To address nodes from this panel, Johnson typically uses ControlNet, a fieldbus protocol administered by ODVA. The ControlNet physical layer is RG6 coaxial cable, which makes it particularly immune to electrical noise. It is a high speed protocol and (as opposed to Ethernet) it can be scheduled to communicate with different sensors in a predetermined order. ControlNet modules can be used in a redundant configuration in which two cables are run through separate conduits so that if one is severed, the system will fail over to the other. This feature is especially important for operations such as controlling a critical cooling system.
Some simple processes can be controlled with small PLCs such as Rockwell’s MicroLogix, which have both Modbus and Ethernet ports. The Micrologix processor can be used to control a VFD over Modbus and to interface with the main network over Ethernet.
Remote I/O important for the process is usually run on a dedicated Ethernet network separate from that used for data collection in order to ensure maximum speed (minimum latency).
The remote sensors typically use Highway Addressable Remote Transmitters (HART), which superimpose digital data on top of 4–20 mA analog signals. Scaling, configuration and calibration checks can thus be done at the “smart” sensor using a digital interface.

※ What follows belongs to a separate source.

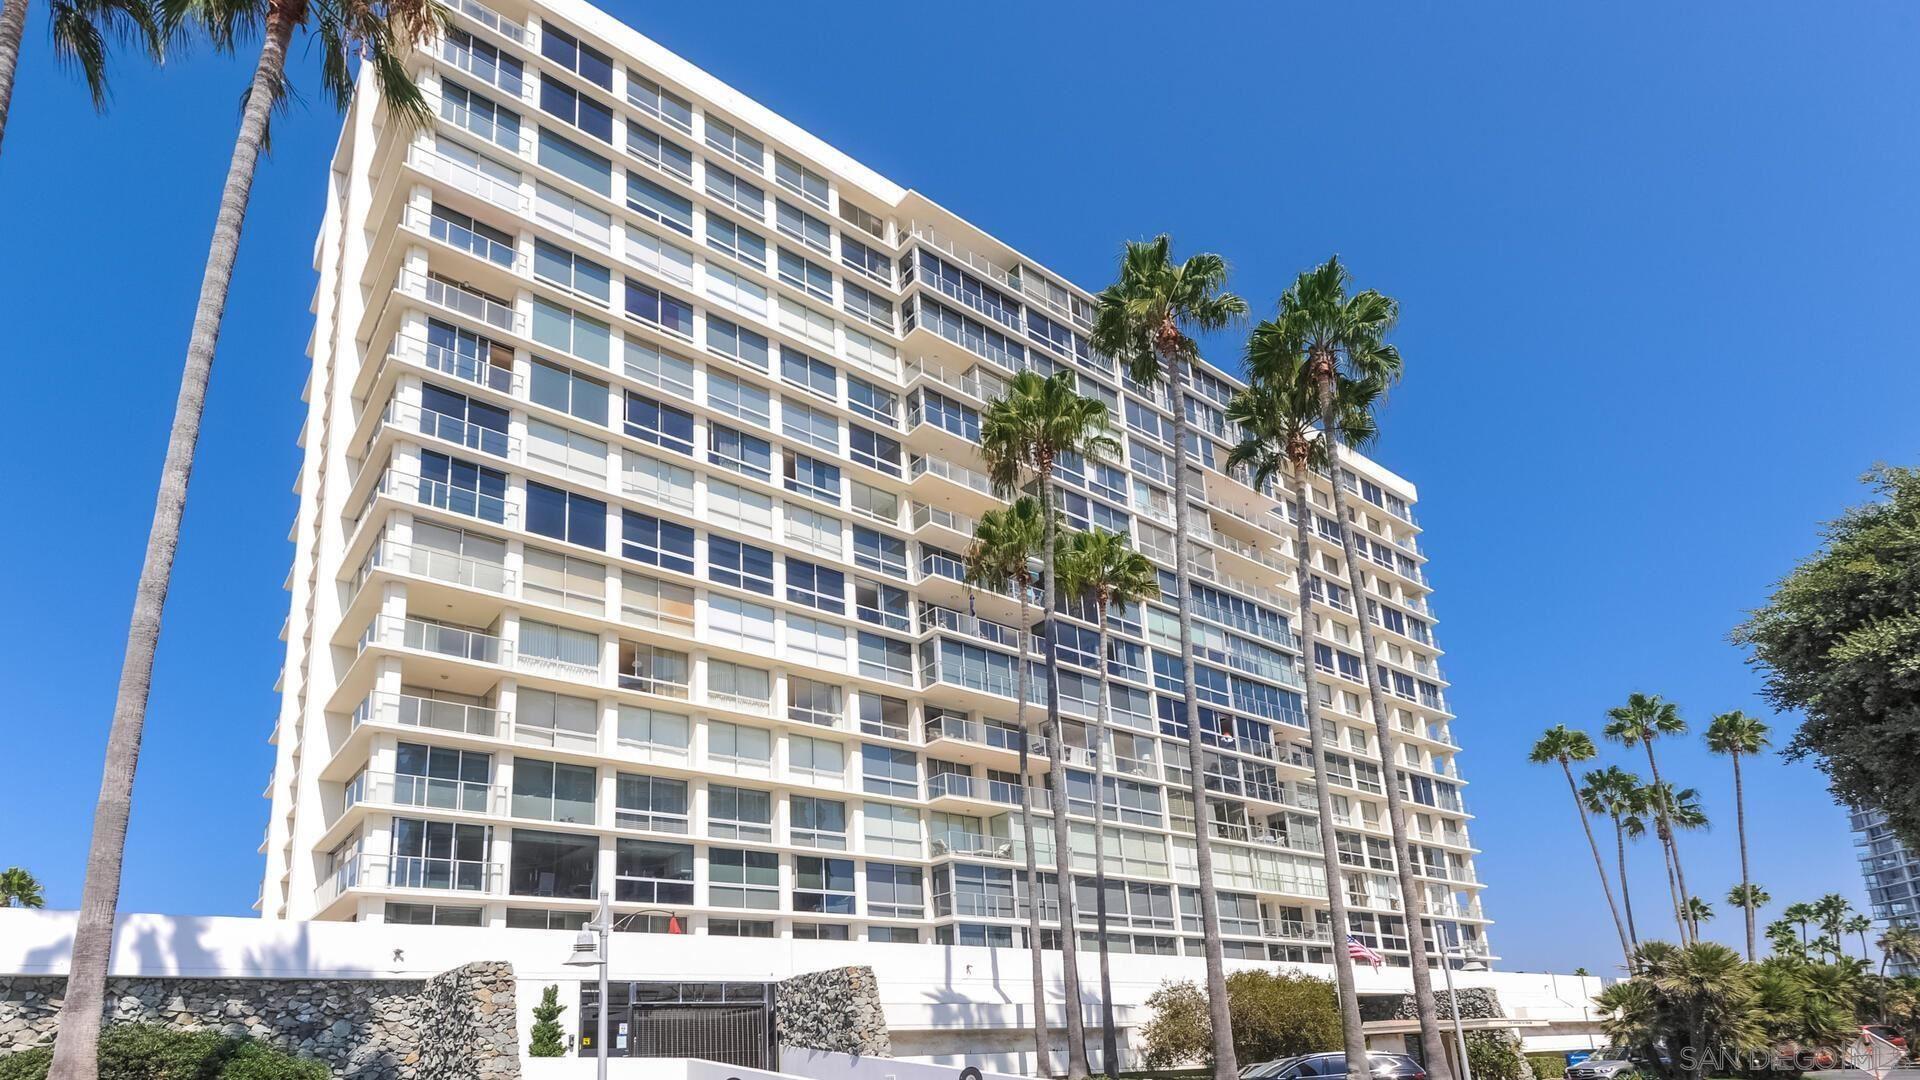 Photo of 1710 Avenida del Mundo #1407, Coronado, CA 92118 (MLS # 210020834)

These same techniques are used to upgrade a legacy system or install a new one. Since these systems are all integrated via Ethernet, connection to office-level systems is possible, but not often used, says Johnson.
Security issues are a source of hesitation when considering installing networks that extend beyond a plant. A widespread effort exists to deal with improving security as a key element for supporting the growth of IIoT. Corporations that once paid little attention to cyber security are now setting up groups of engineers to focus full time on the problem.
Tom Moore of IHS describes a demonstration of one such solution he witnessed at a recent conference. A dummy system was secured through a “demilitarized zone” (DMZ) and a virtual private network (VPN) using an industrial PC. A screen at the conference displayed process data from a packaging line at a remote location. However, the engineer at the conference could not directly communicate with the processor. That could only be done at a control center located in a different city. In the example, a failure on the line was simulated and an operator at the center alerted the process engineer about the failure. The engineer analyzed the problem and told the operator at the remote center what corrective actions to take. Although information was transmitted over a long distance, there was only one secure path into the system and that was from a protected location.
This series has presented an overview of where we are in what seems to be an inevitable progression to the IIoT. Engineers already have the theoretical means to implement it, but in real terms it will take time to solve the remaining problems and develop the will to make the required investment. A positive motivator is that despite the size of the initial investment and the difficulties involved, over the long term the investment will be paid back in reduced downtime, increased productivity and quality, and energy cost savings.